Cold showers and The Miracle Maker


Jewish date:  1 ’Av 5770 (Parashath Devarim).

Today’s holidays:  Ro’sh Ḥodhesh (Judaism), The Nine Days (Judaism), Monday of the Fifteenth Week of Ordinary Time (Roman Catholicism), Feast Day of St. Pam Grier (Church of the SubGenius), Feast of Grady Louis McMurtry (Thelema).

Topic 1:  Today begins the Nine Days, an intense part of the Three Weeks culminating in the Ninth of ’Av, which commemorates the destruction of both Temples and many other tragedies in Jewish history.  The level of mourning is increased.  No meat, no wine, no fresh clothes, no anointing for pleasure, and no bathing for pleasure.  The last one, while probably not onerous in ancient times, when they did not have so much indoor plumbing and did not bathe as frequently, is a big pain in the neck for a modern human used to showering every single day.  (It was clearly not an epidemiologist who came up with this idea, as an epidemiologist would have objected to any enactment that worked against good hygiene.)  While bathing itself is not forbidden during the Nine Days except for 9 ’Av, one is expected to keep the temperature of the water as low as possible, which makes showering rather unpleasant, especially since it is difficult to step into cold water in the first place.  (While a cold is not so bad if one is feeling overheated, the air conditioning has been working splendidly over here, so this is not the case.)  I am tempted to ask the local rav if there is any way to trade decently warm showers for fasting two days straight, I will not bother because I know full well the answer will be “no”.

US-Navy Storekeeper 3rd Class Robert Franke do...Image of unfun morality via Wikipedia
Now, some may be asking why I would ever consider putting myself through ritual mourning and eight days of cold showers.  Is not religion supposed to be about fun activities?  Or if not fun, at least about spiritual highs?  And the answer to these questions is “no”.  Because religion is ultimately about truth, not just theological truth, but the truth about what one is supposed to do.  A lot of morality is anything but fun.  Sure, one may enjoy even sharing and being selfless with friends.  But admitting one has done something wrong and trying to correct one’s mistakes is anything but fun.  Returning lost property is not fun.  Not hitting some jerk who keeps annoying you is not fun.  Self-control and moderation are not fun.  Letting someone jab you in the arm with a needle as part of blood donation is not fun.  And so on.  And why should ritual be any different?  The dark parts of life are to some degree inevitable?  Why should they, too, not be addressed?

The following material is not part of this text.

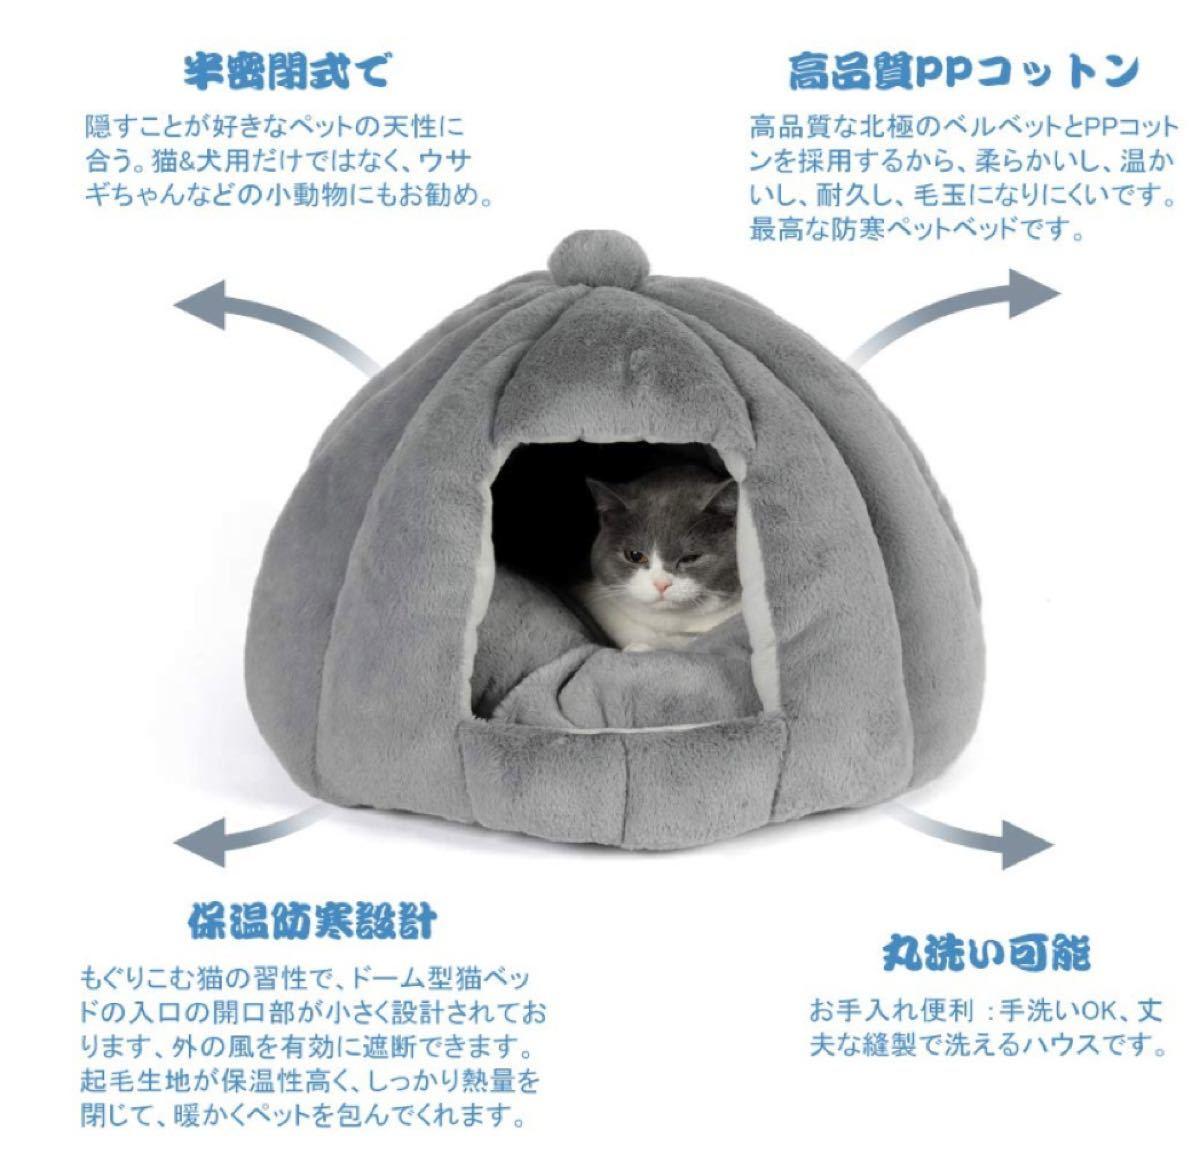 猫ハウス 猫ベッド ドーム型 犬猫 マット クッション 寒さ対策 保温防寒 快適

Topic 2:  The latest in this series on Gospel-based films, The Miracle Maker (2000):

(Yes, they have it on Hulu.)  Most of the originality in this movie goes into animation and presentation, with an emphasis on miracles and parables.  Theologically, there is little new here.  The usual suspects, depicted as mean-spirited, are after Jesus the Annoyingly Perfect, claiming to fear Pilate’s and Caesar’s wrath.  Pilate is a little craftier and more evil than usual.  Unless you want to see the animation, do not bother with this one.

Topic 3:  More on Islamic stunts:  The Dry Bones cartoon “the Name Game”, which notes correctly that it makes no sense to try to pretend that terrorism has nothing to do with Islam, even though this contradicts what terrorists themselves claim.  “The humanitarian show” notes that the “poor” people of Gaza are better off that a lot of the rest of the people on this planet, including having a higher life expectancy that part of Britain, while no aid is sent to far worse off people in Turkey, Lebanon, and Iran.  “Abbas to Arabs: We'd Support a War Against Israel” shows that Mahmoud Abbas is no partner for peace.  And finally, we have the video “WHAT ISLAM IS NOT”, based on the article “What Islam Isn't”, which describes how Islamization works:

Note:  There will be no religious humor during the Nine Days because it is not really appropriate during mourning.

Peace and consolation.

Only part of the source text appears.